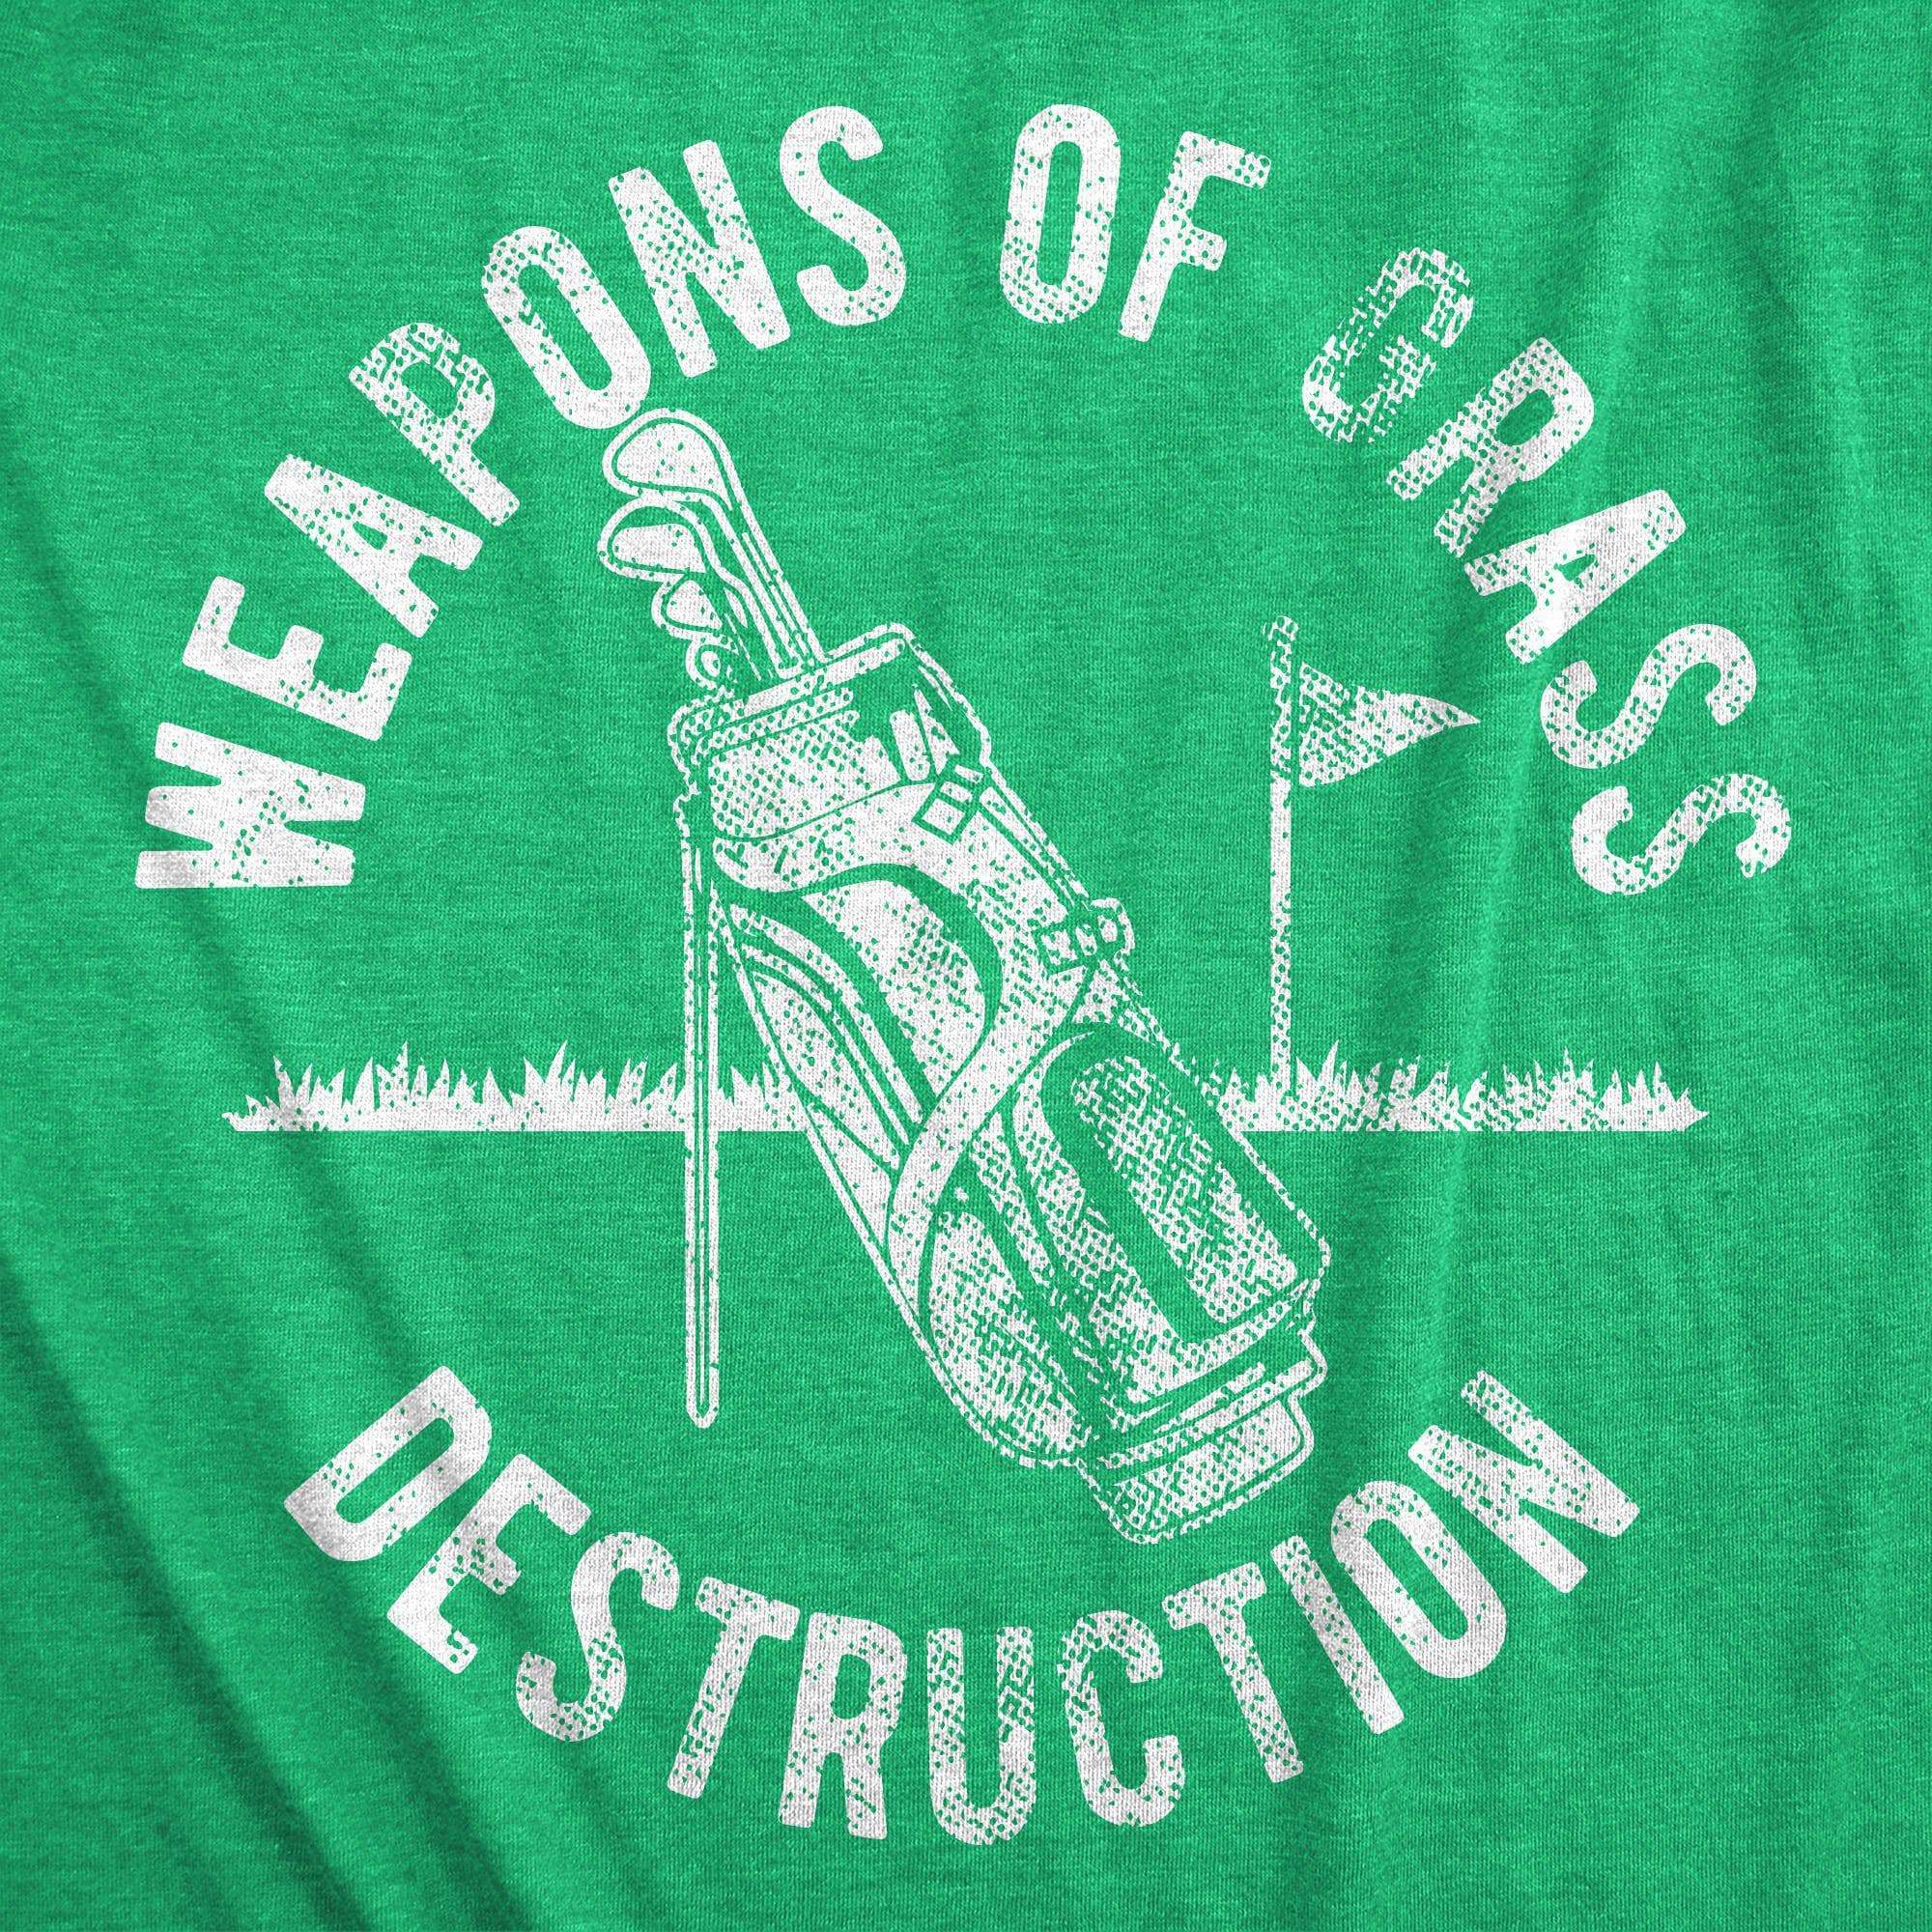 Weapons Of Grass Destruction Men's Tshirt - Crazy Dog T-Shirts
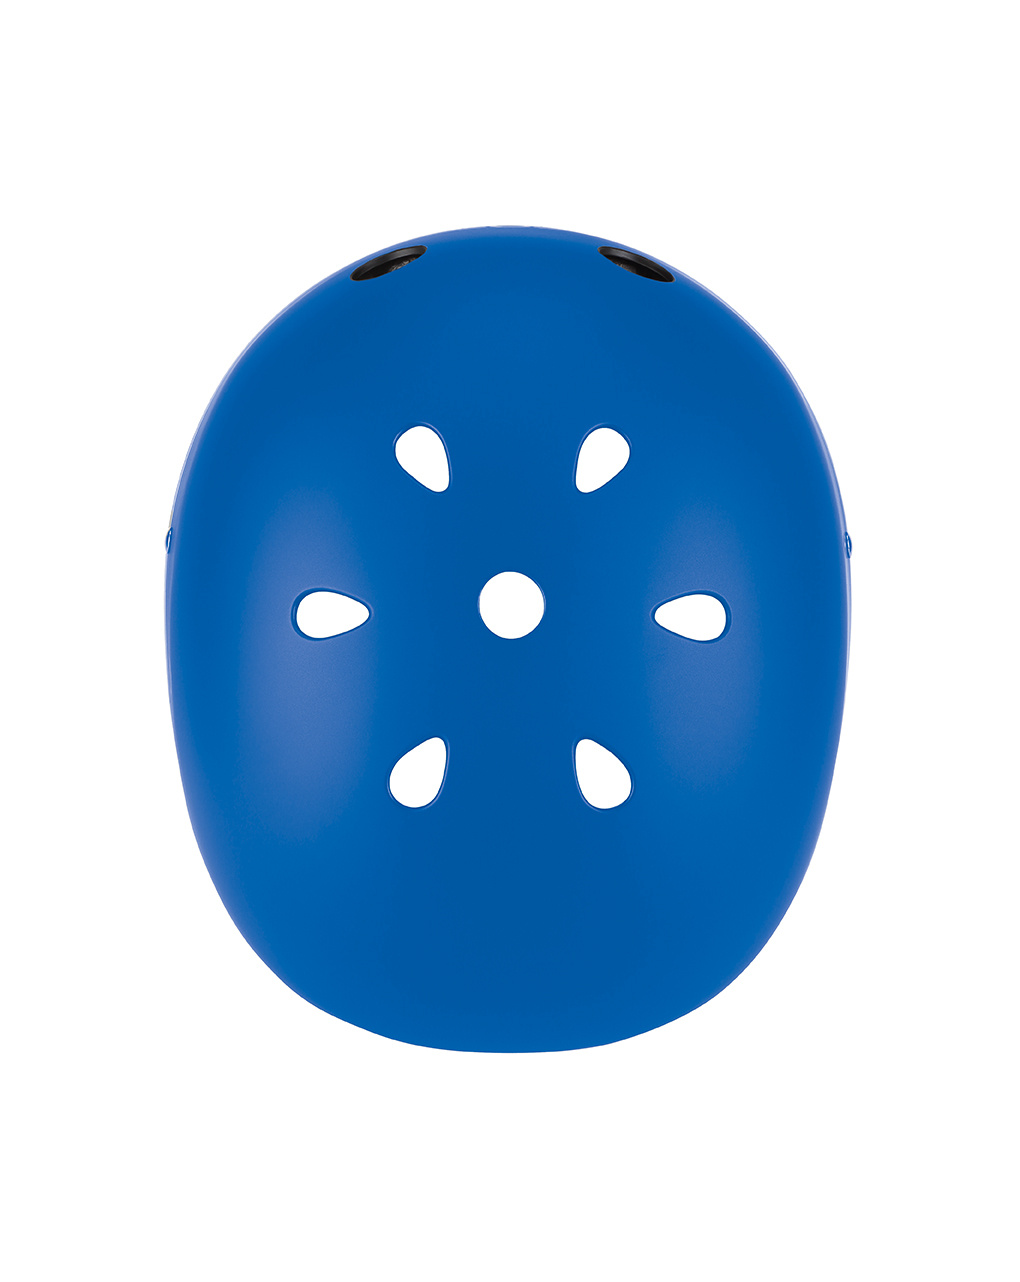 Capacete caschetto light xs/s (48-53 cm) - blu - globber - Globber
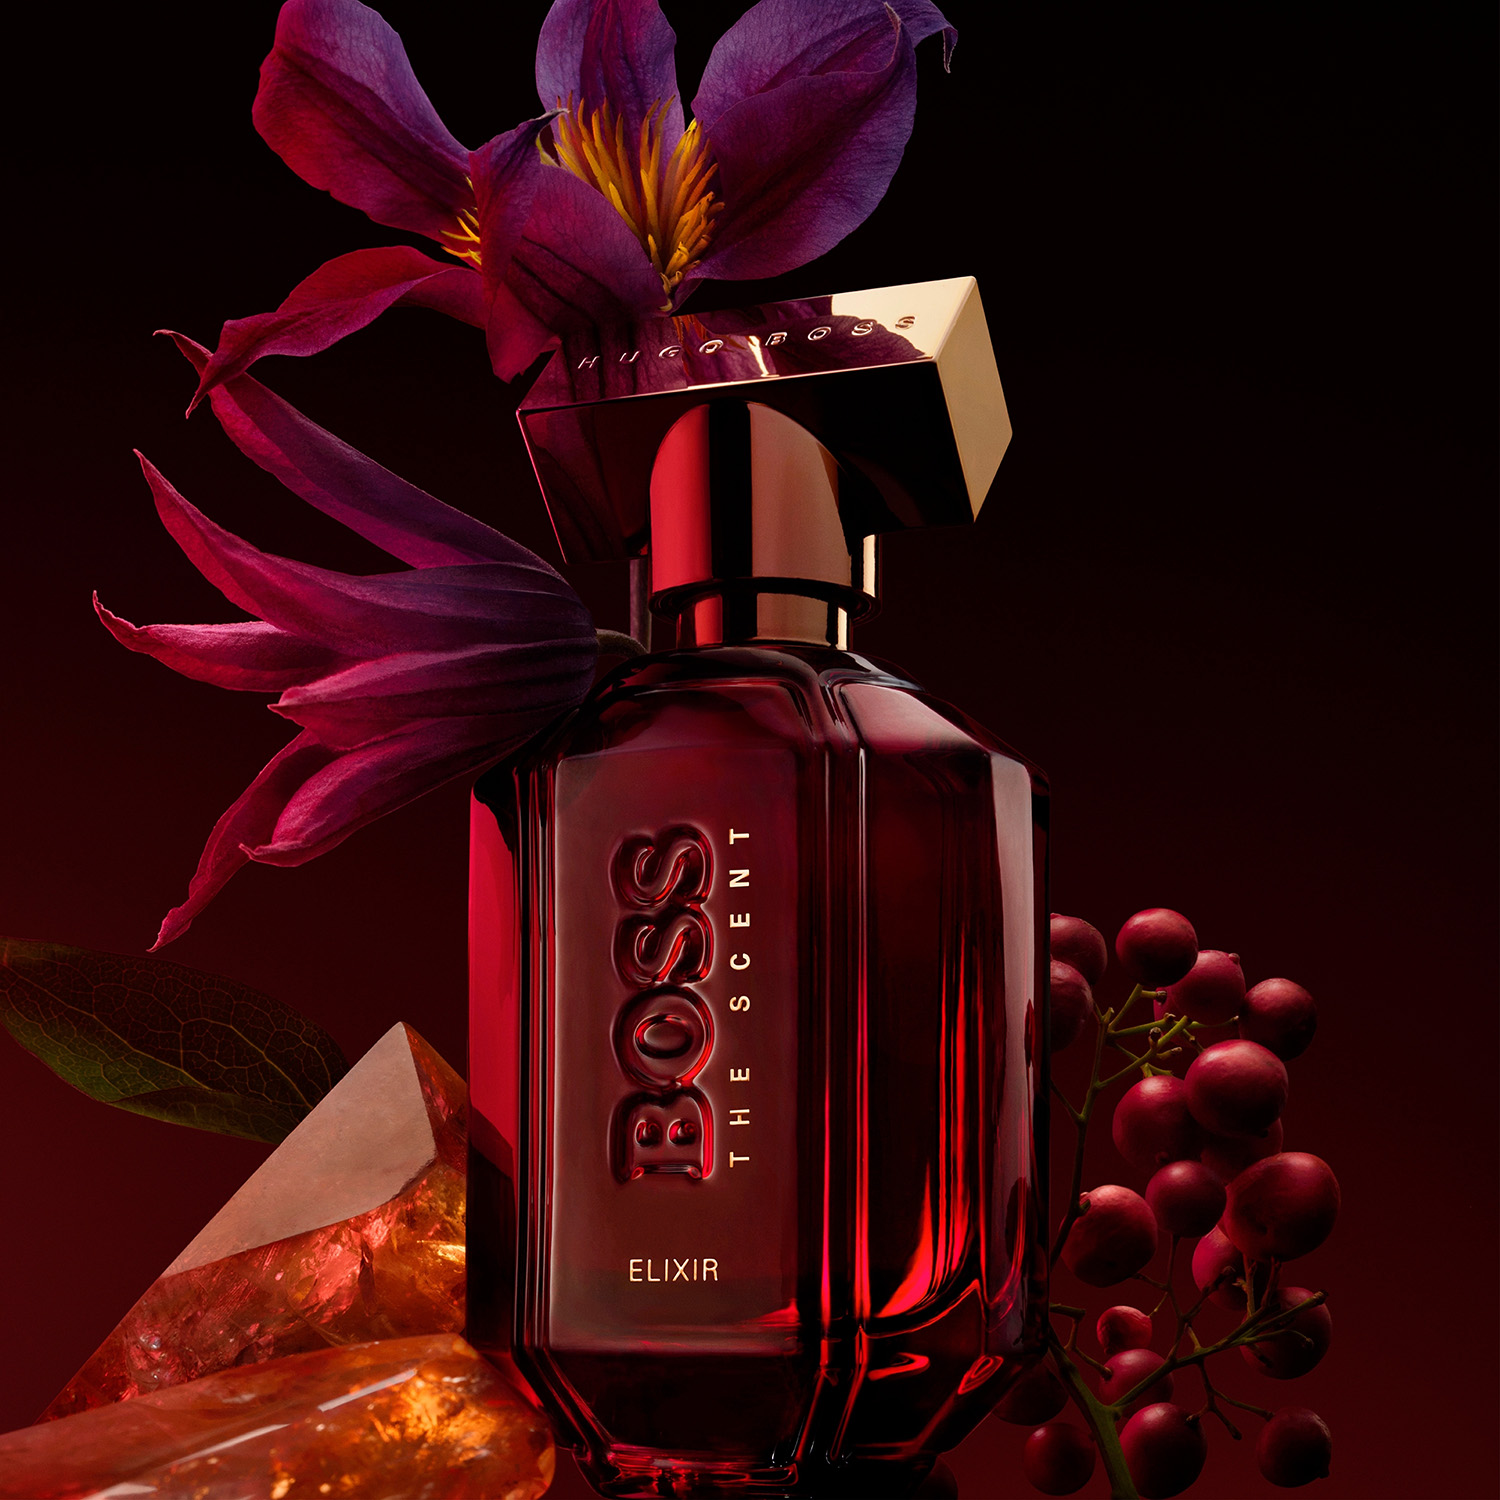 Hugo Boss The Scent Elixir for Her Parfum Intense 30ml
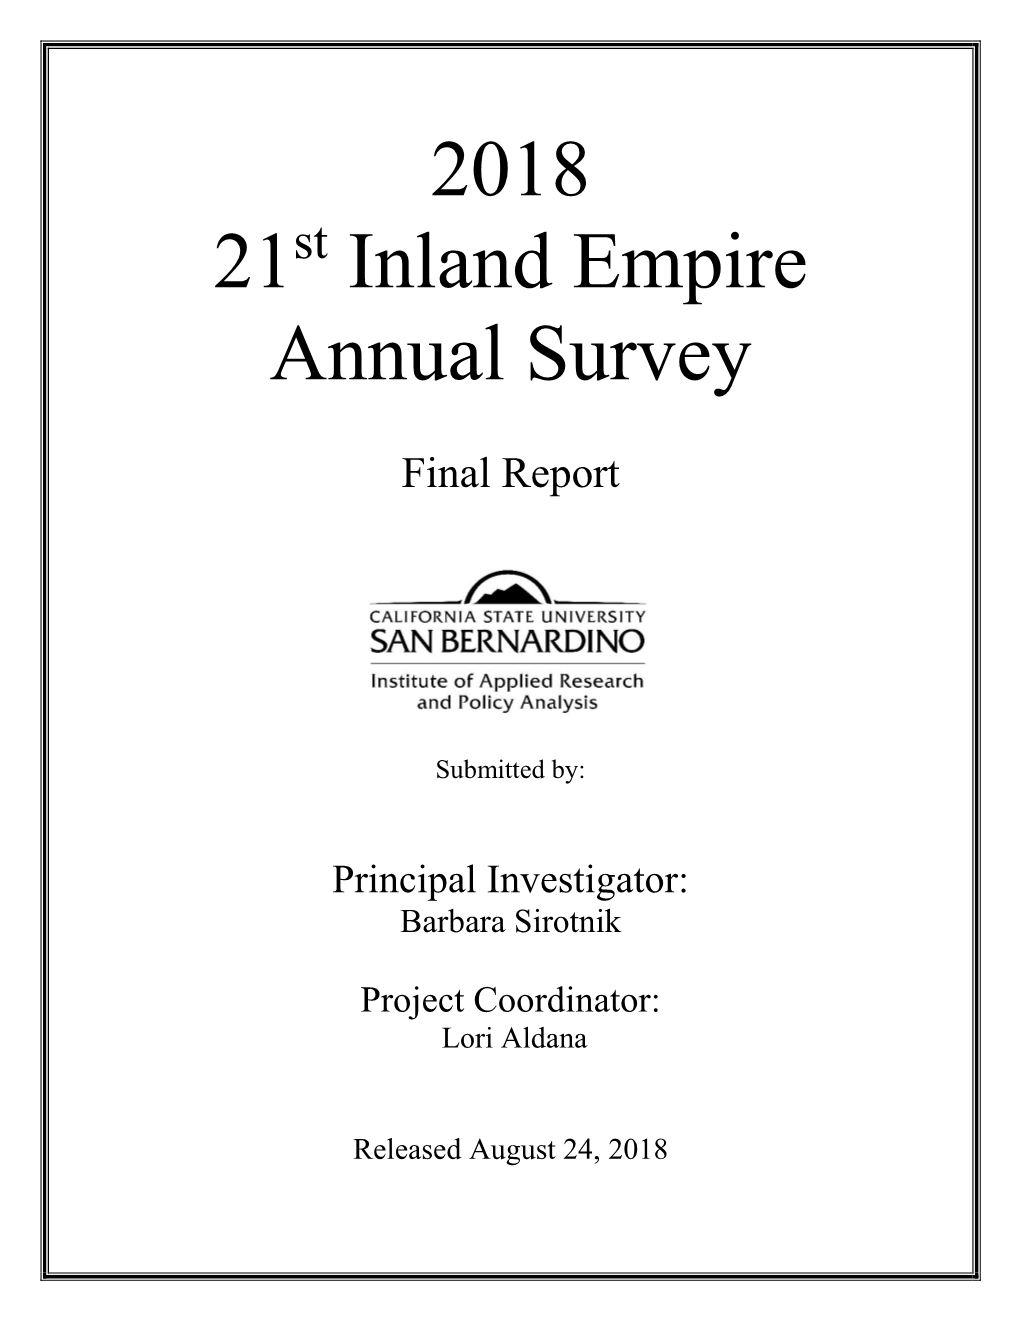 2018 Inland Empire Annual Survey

» **Description of the task**
Could you print the listing above exactly, without the pictures?

» **Answer to this exercise**
 Weapons Of Grass Destruction Men's Tshirt - Crazy Dog T-Shirts
 Capacete caschetto light xs/s (48-53 cm) - blu - globber - Globber
 Hugo Boss The Scent Elixir for Her Parfum Intense 30ml
 2018 Inland Empire Annual Survey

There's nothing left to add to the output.